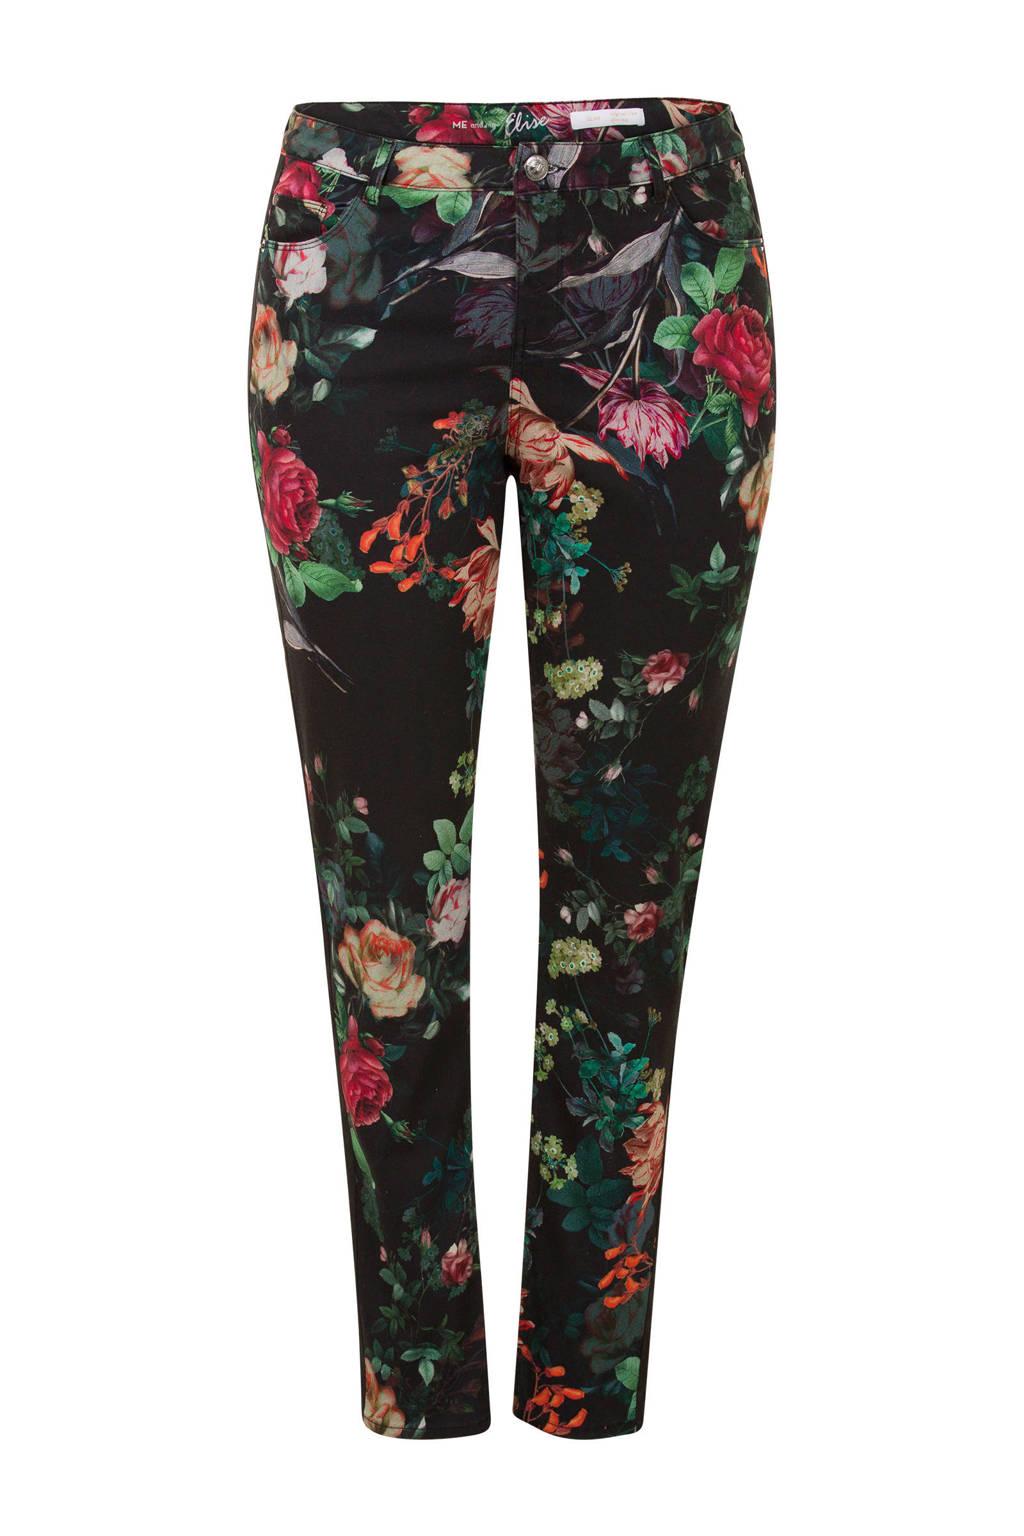 Miss Etam Plus gebloemde slim fit broek zwart, Zwart/multi
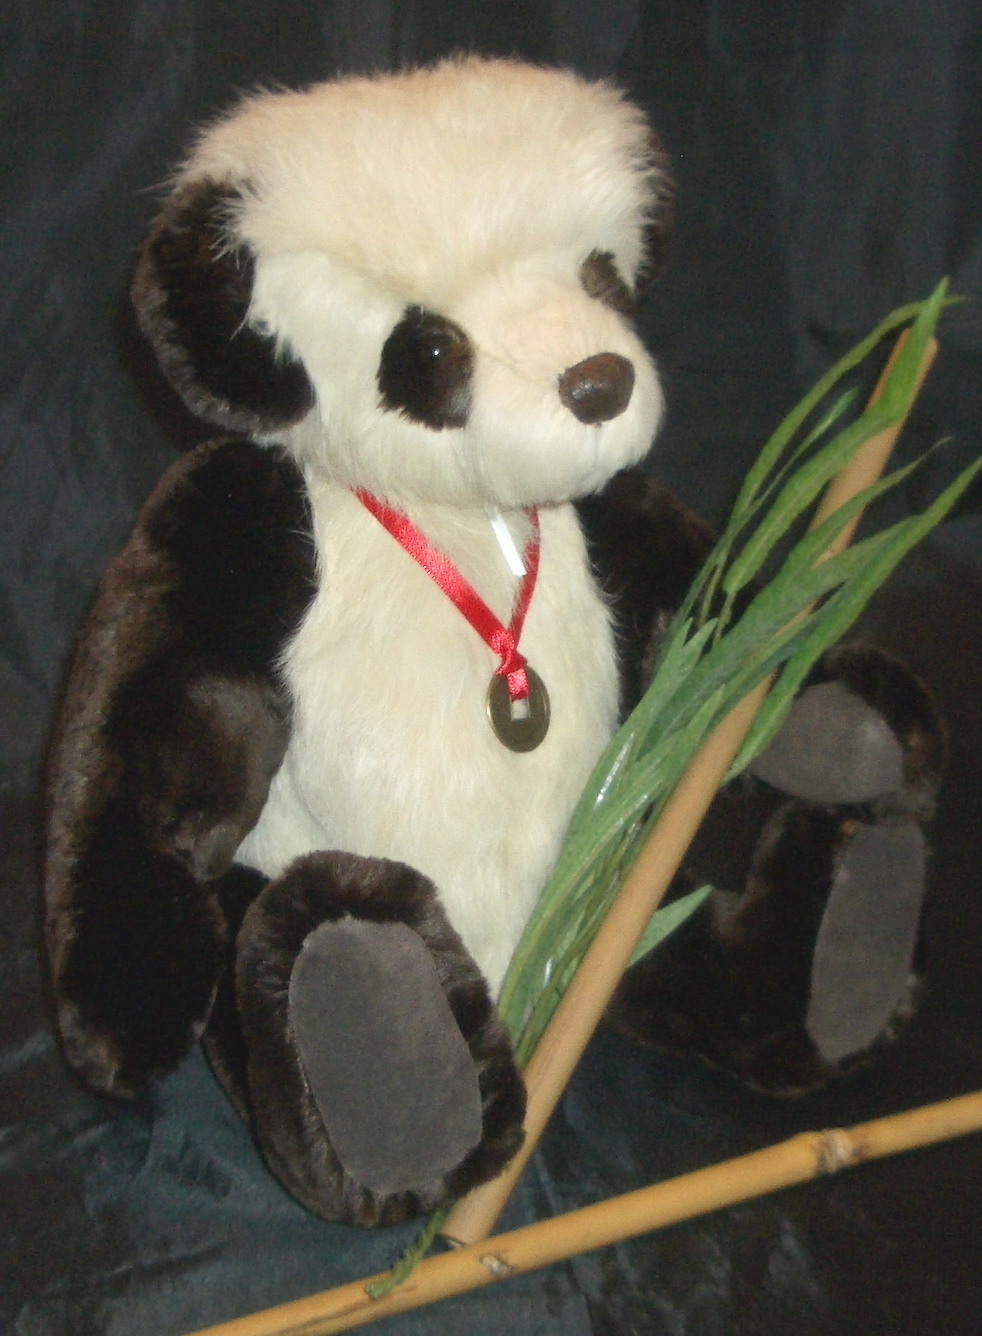 Jane woodard 39 s heir bears handmade heirloom teddy bears for Andy panda jardin
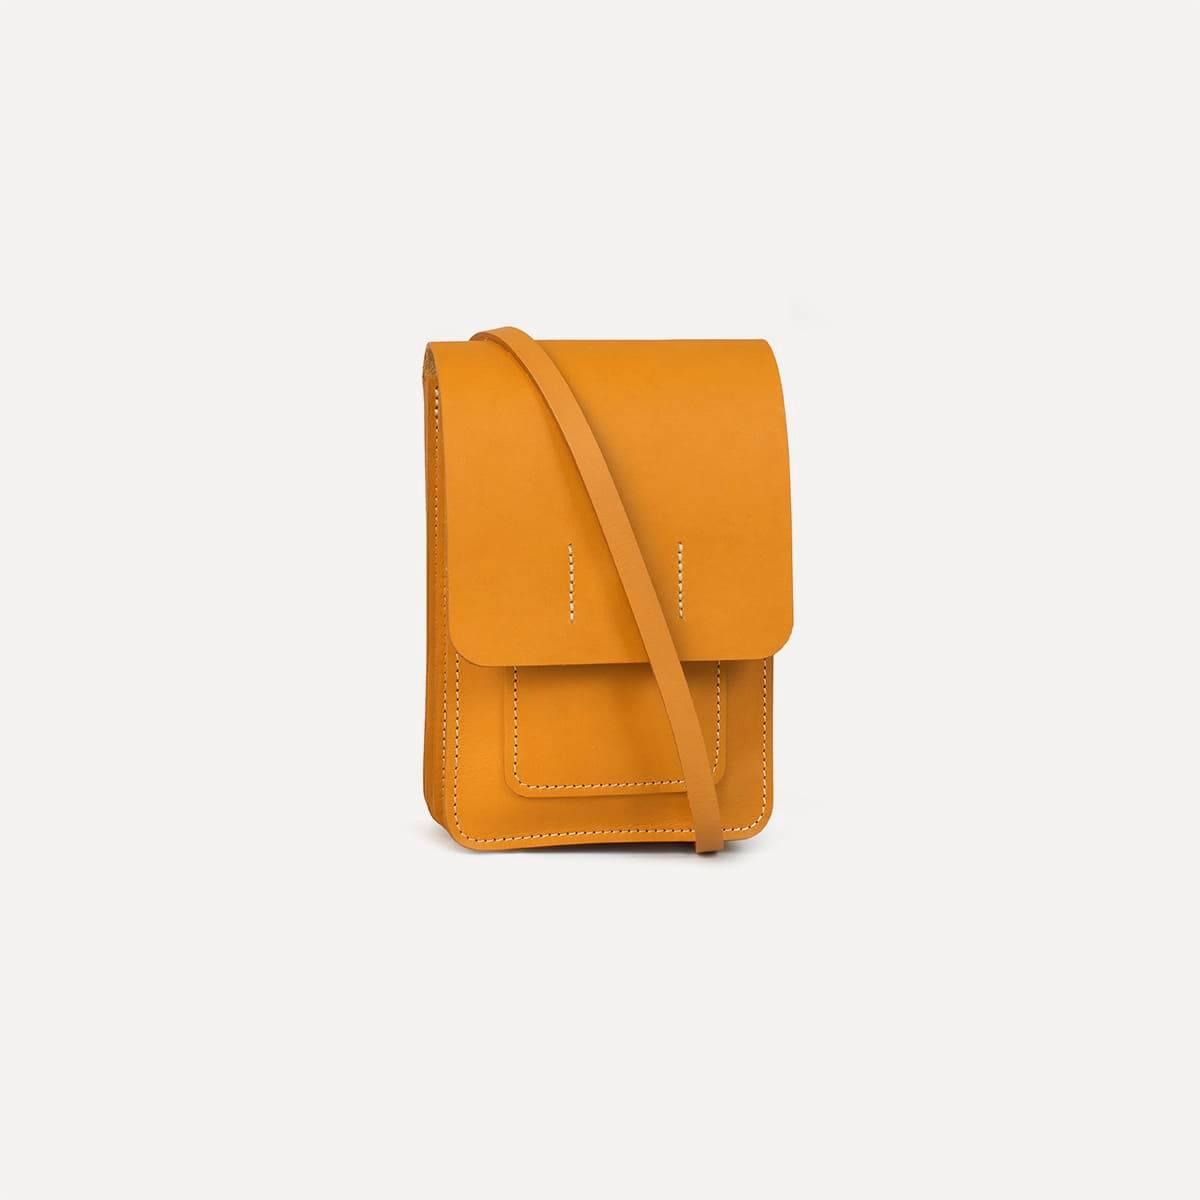 Jeweler's bag - BDC x Atelier Paulin (image n°4)
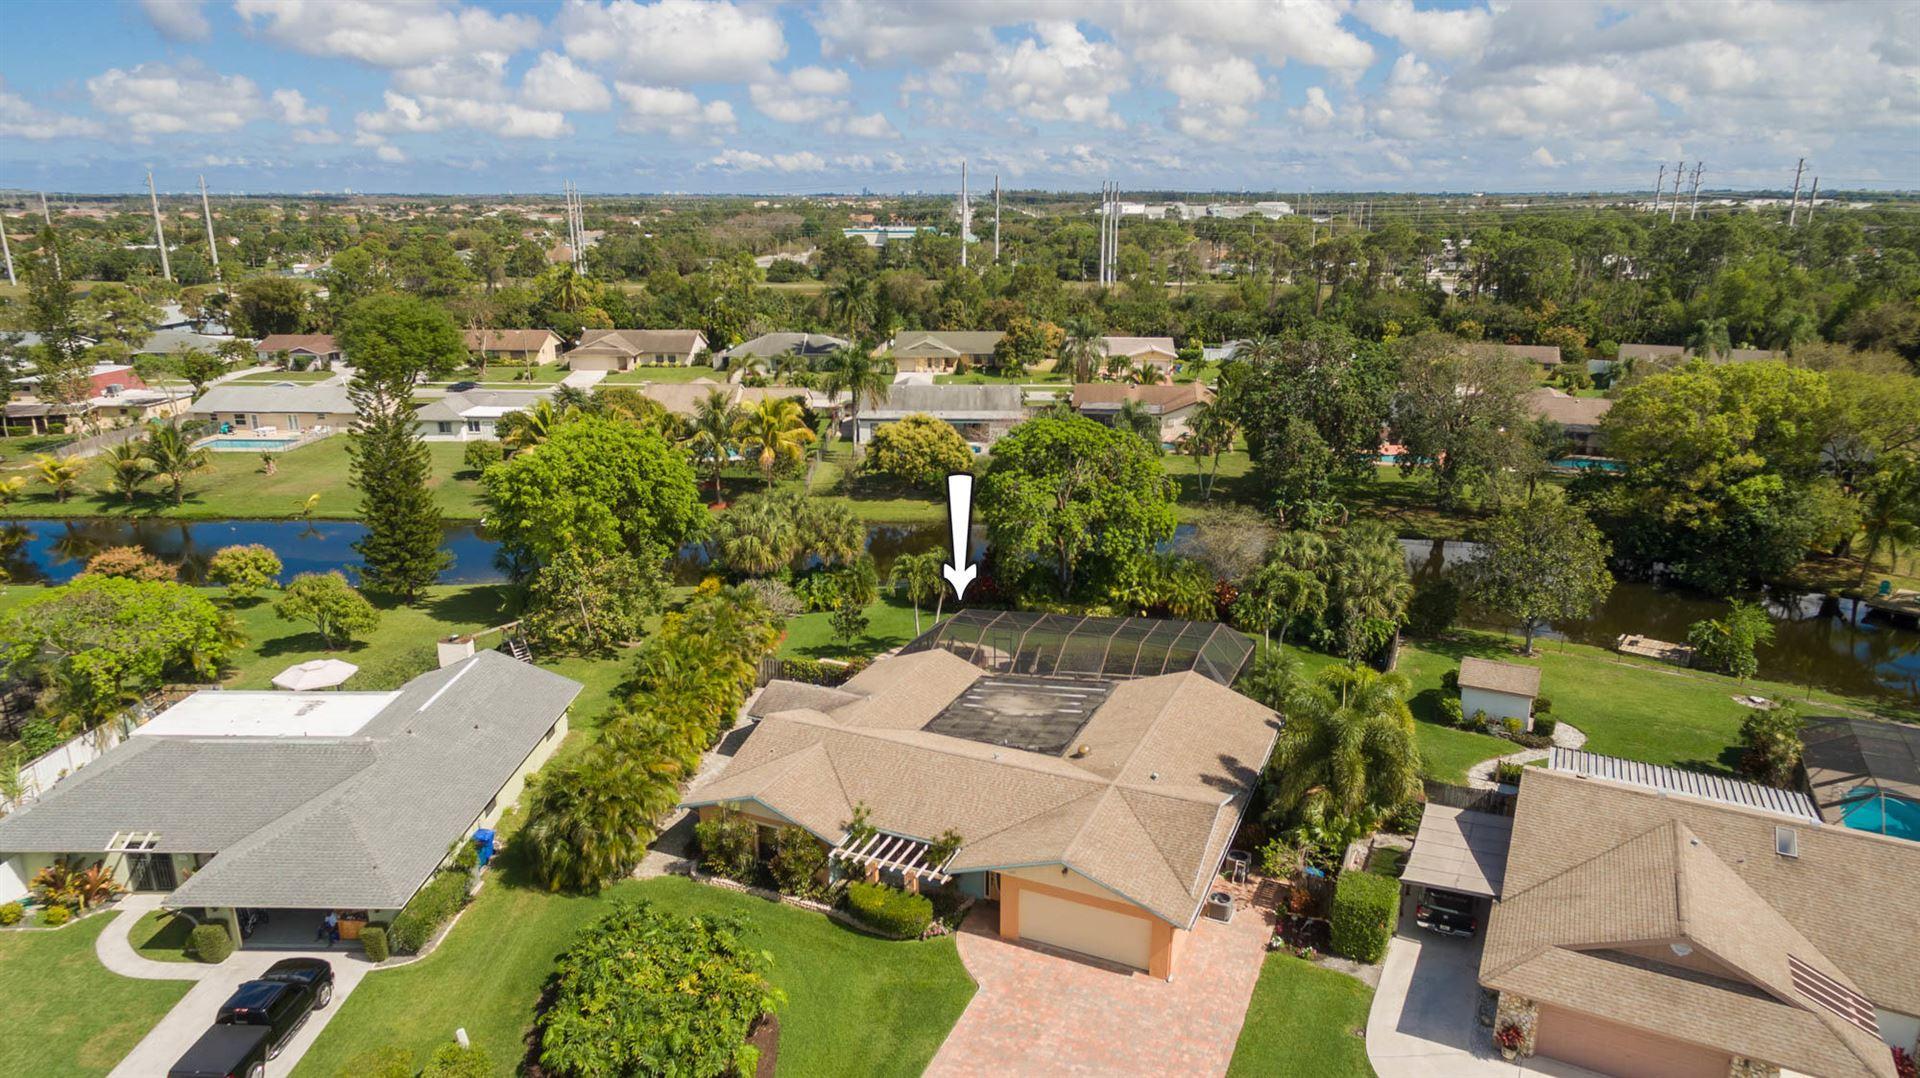 109 Galiano Street, Royal Palm Beach, FL 33411 - #: RX-10696401

:::::

> _The task_: Restate all the material verbatim; omit every picture.

> _Output of the exercise_:
 Miss Etam Plus gebloemde slim fit broek zwart, Zwart/multi
 Jane woodard 39 s heir bears handmade heirloom teddy bears for Andy panda jardin
 Jeweler's bag - BDC x Atelier Paulin (image n°4)
 109 Galiano Street, Royal Palm Beach, FL 33411 - #: RX-10696401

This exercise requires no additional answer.